** Dataset content follows **

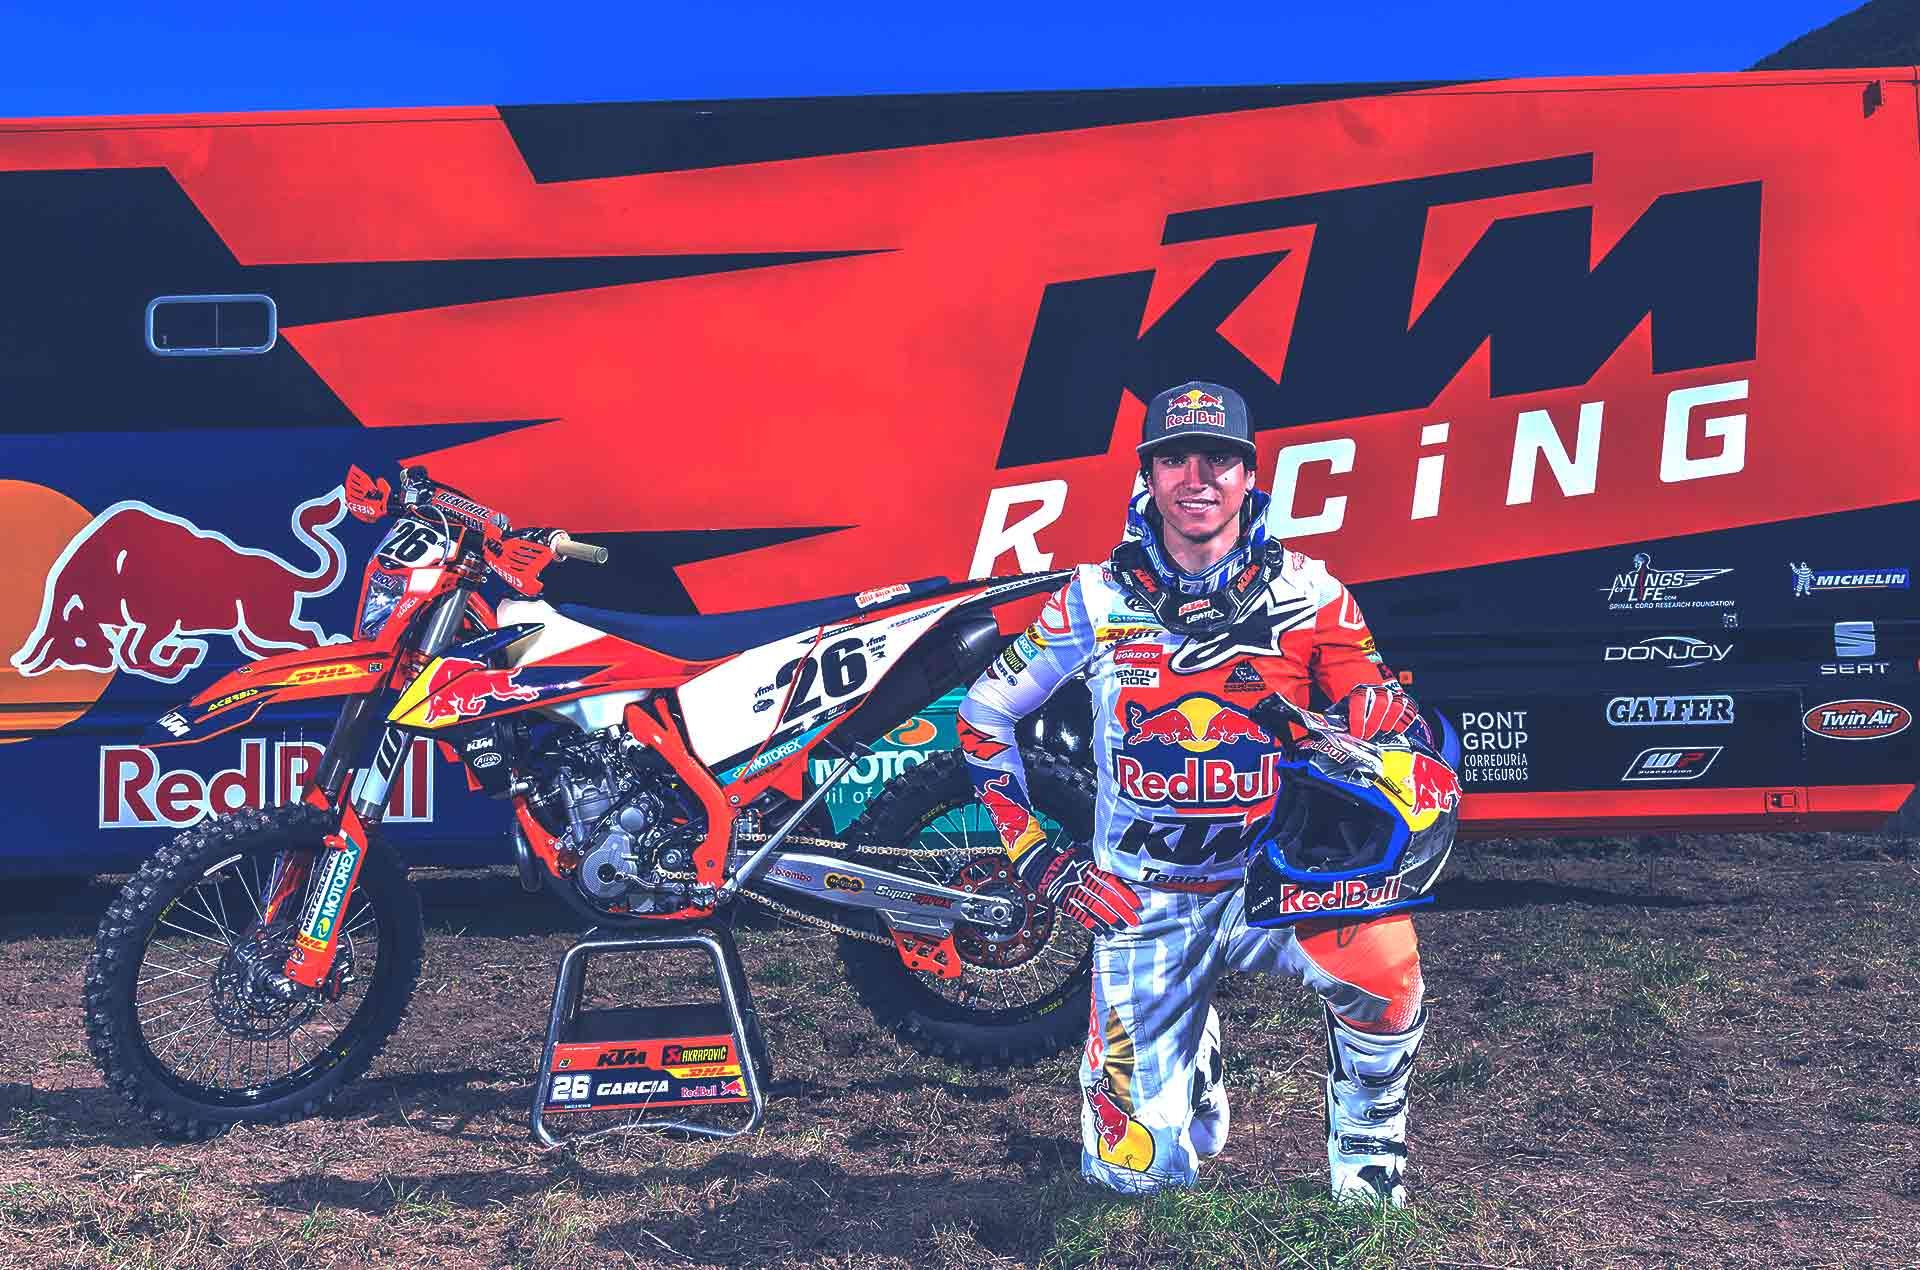 Josep Garcia 26 Enduro Ktm Rider Red Bull
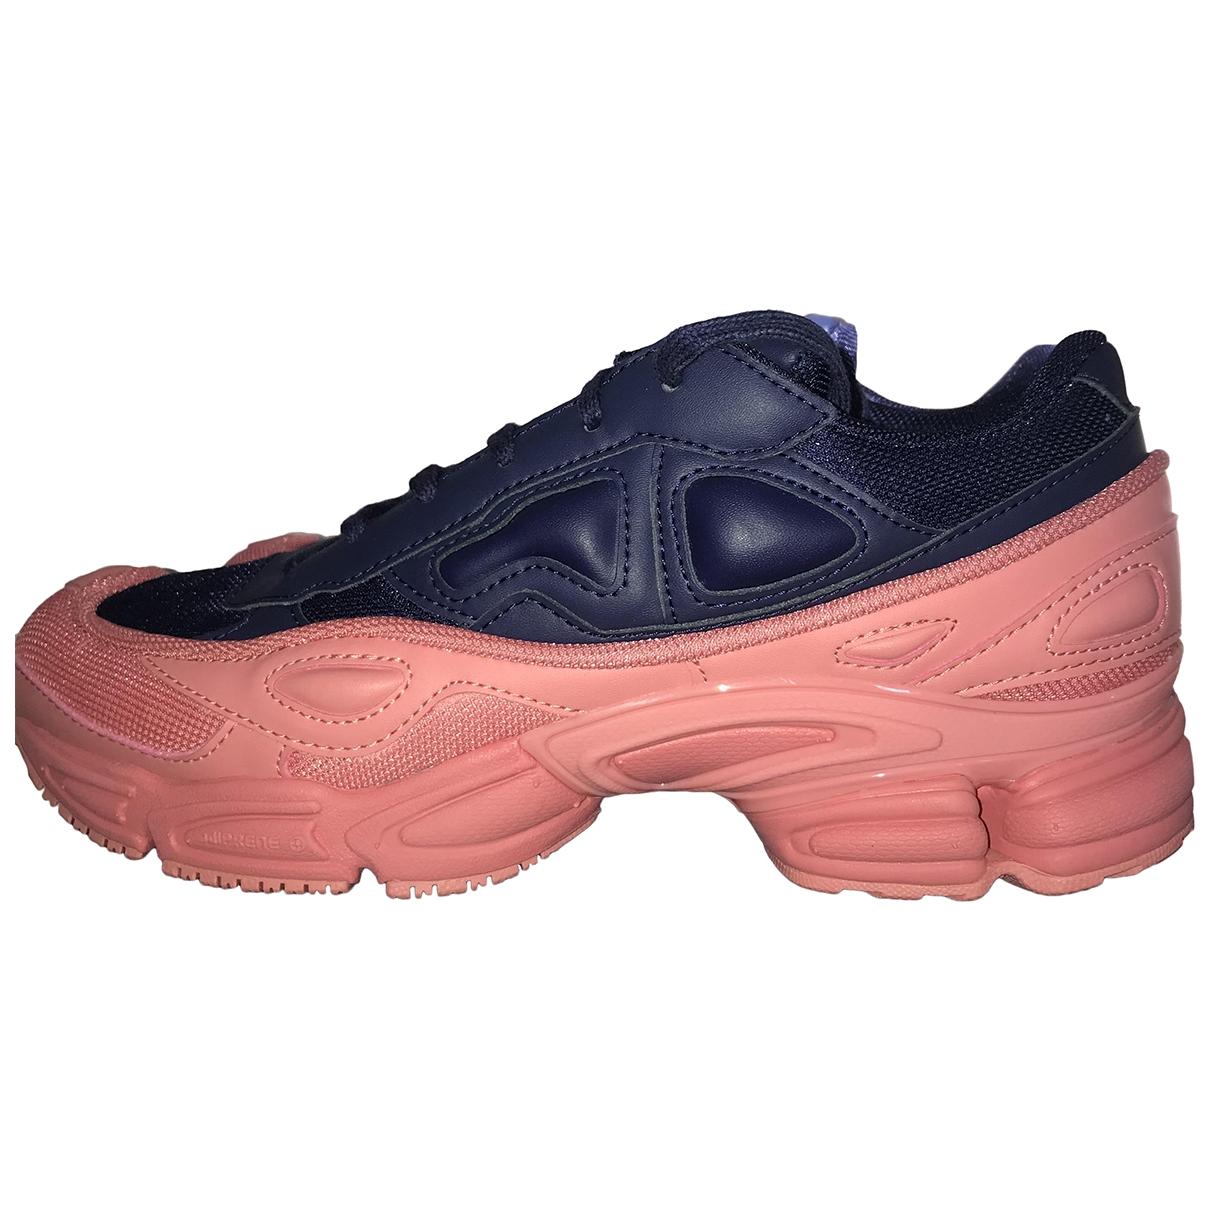 Adidas X Raf Simons Ozweego 2 Pink Cloth Trainers for Women 40 EU
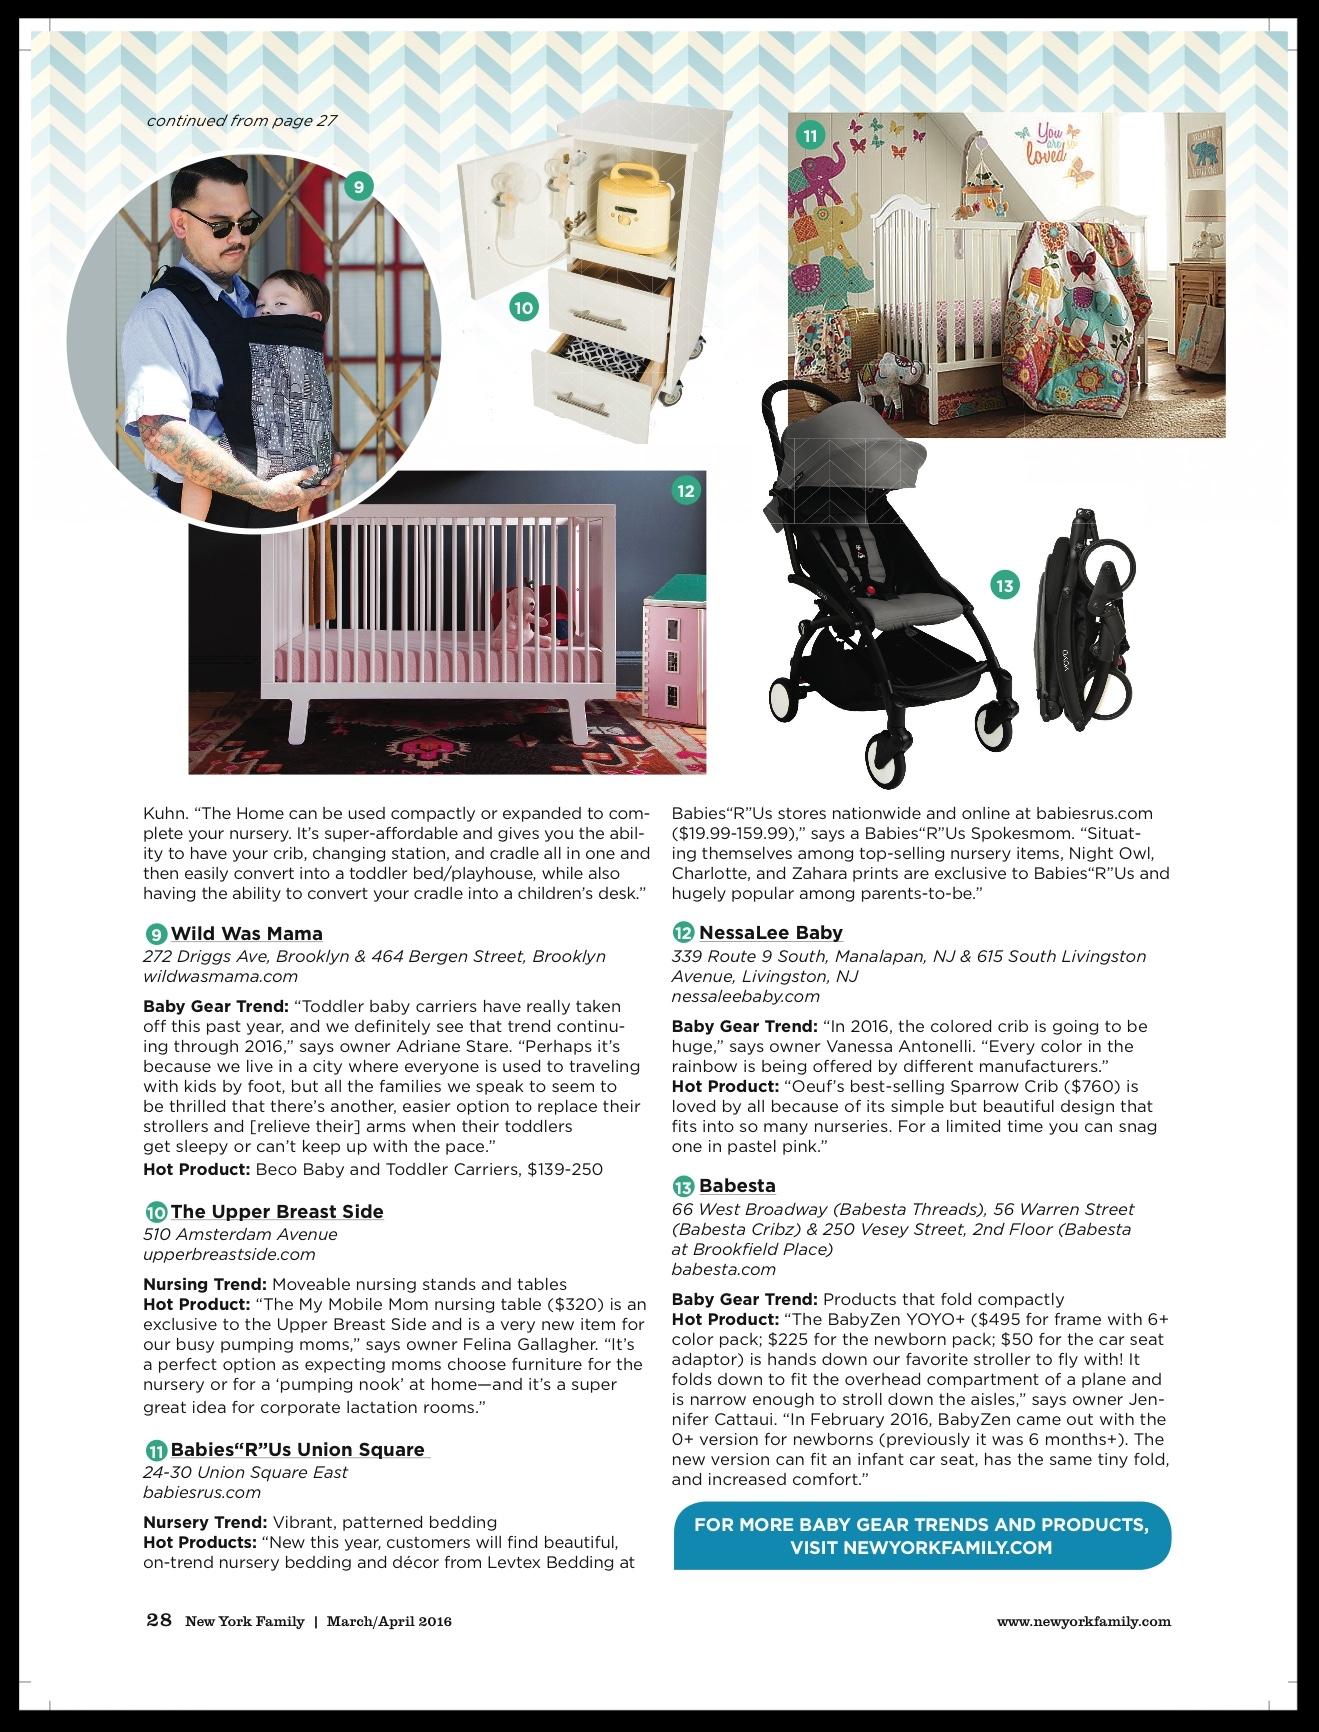 New York Family Magazine - Best in Baby..Favorite Trends and Products newyorkfamilymagazine.com

** End of Dataset content **

> [Your task]:
Reproduce the full listing faithfully, but do not carry over any pictures.

> [Written answer]:
 Josep Garcia 26 Enduro Ktm Rider Red Bull
 Adidas X Raf Simons Ozweego 2 Pink Cloth Trainers for Women 40 EU
 New York Family Magazine - Best in Baby..Favorite Trends and Products newyorkfamilymagazine.com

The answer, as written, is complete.